As Bauer CEO Thomas Bauer told Reuters: “(Rivalry with China) will not be a contest against copiers. It will be one against innovative engineers.”
Navigating the blue economy
The report Blue China; Navigating the Maritime Silk Road to Europe usefully expands the scope of the debate, pointing to how the development of the Maritime Silk Road may be even more crucial than overland connectivity corridors.
The report acknowledges how the Maritime Silk Road already affects the EU in terms of maritime trade and shipbuilding, and asks some questions about the increasing global presence of the PLA Navy. It recommends that the EU “should emulate China’s blue economy as an engine of growth and wealth, and encourage innovation to respond to well-funded Chinese industrial and R&D policies.”
The “blue economy” features heavily in Made in China: 2025 – especially in terms of innovation in port infrastructure and shipping. The rationale, from Beijing’s point of view, is always about maritime trade cost cutting – but that, of course, will always depend on whether oil prices will keep going up, as OPEC and Russia are keen.

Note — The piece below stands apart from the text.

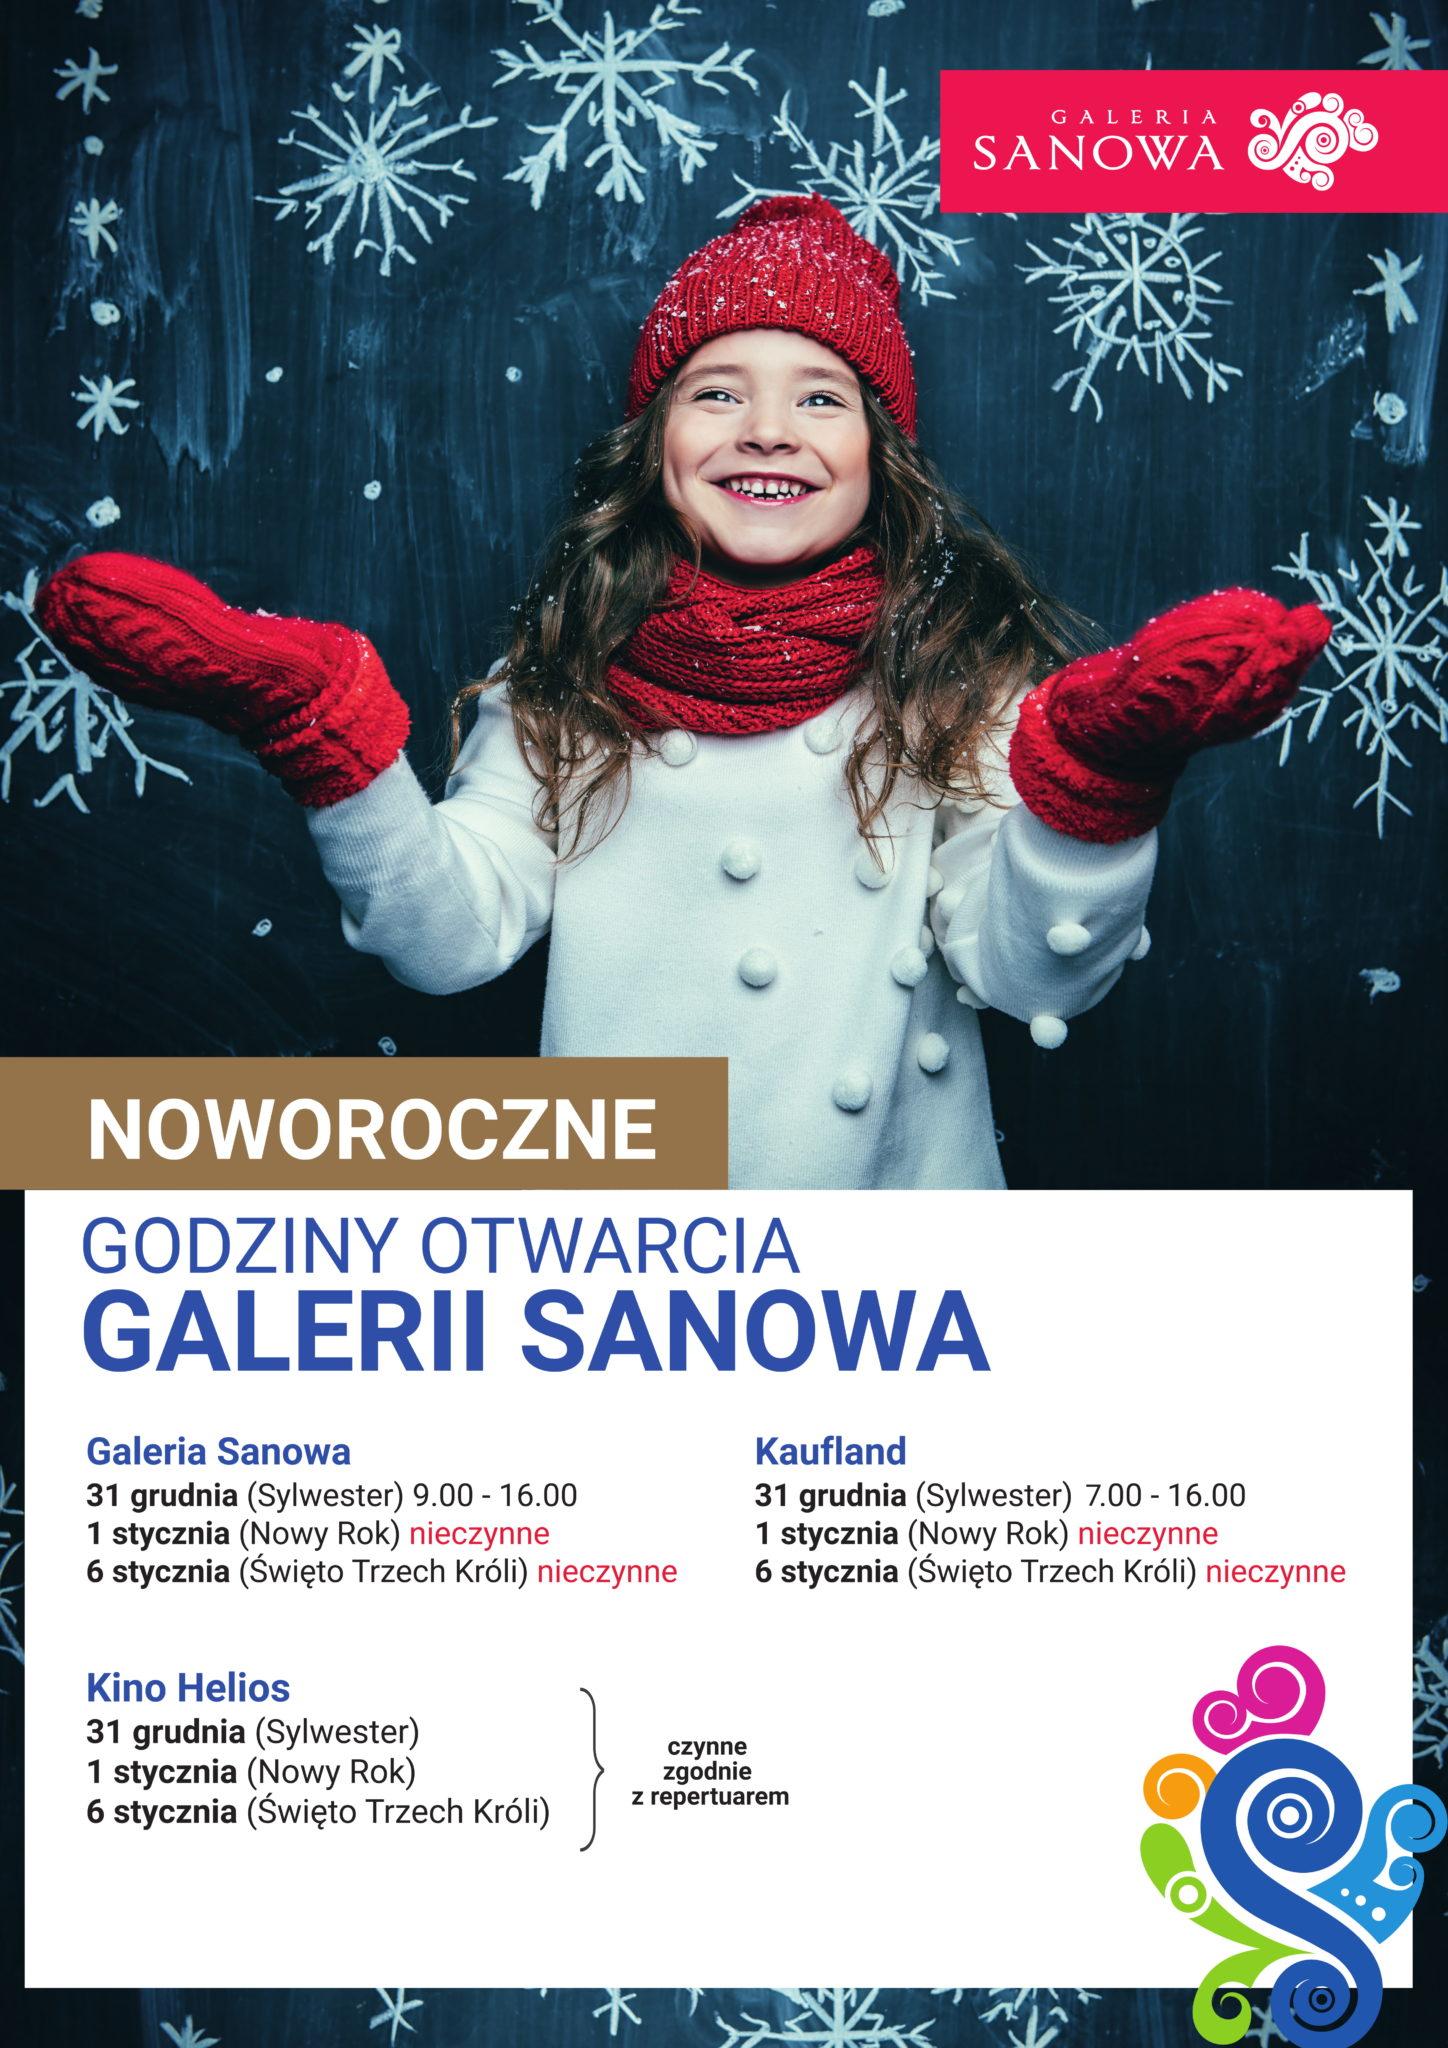 Години роботи Galerii Sanowa в новорічний період c5c16adeaadb2

As it stands, the EU bureaucracy has to be fearful, sensing the possibility of being squeezed between high-tech China and Trump’s America First. And that does not even factor in the inevitable geo-strategic clash between the BRI and the “free and open Indo-Pacific” to be managed, in theory, by the US, Japan, India and Australia; more of a glamorized South China Sea patrol than a vast project of Eurasian economic integration.
There will be an EU-China summit in July and then a German-China summit later in the year. Non-transparent sparks are bound to fly.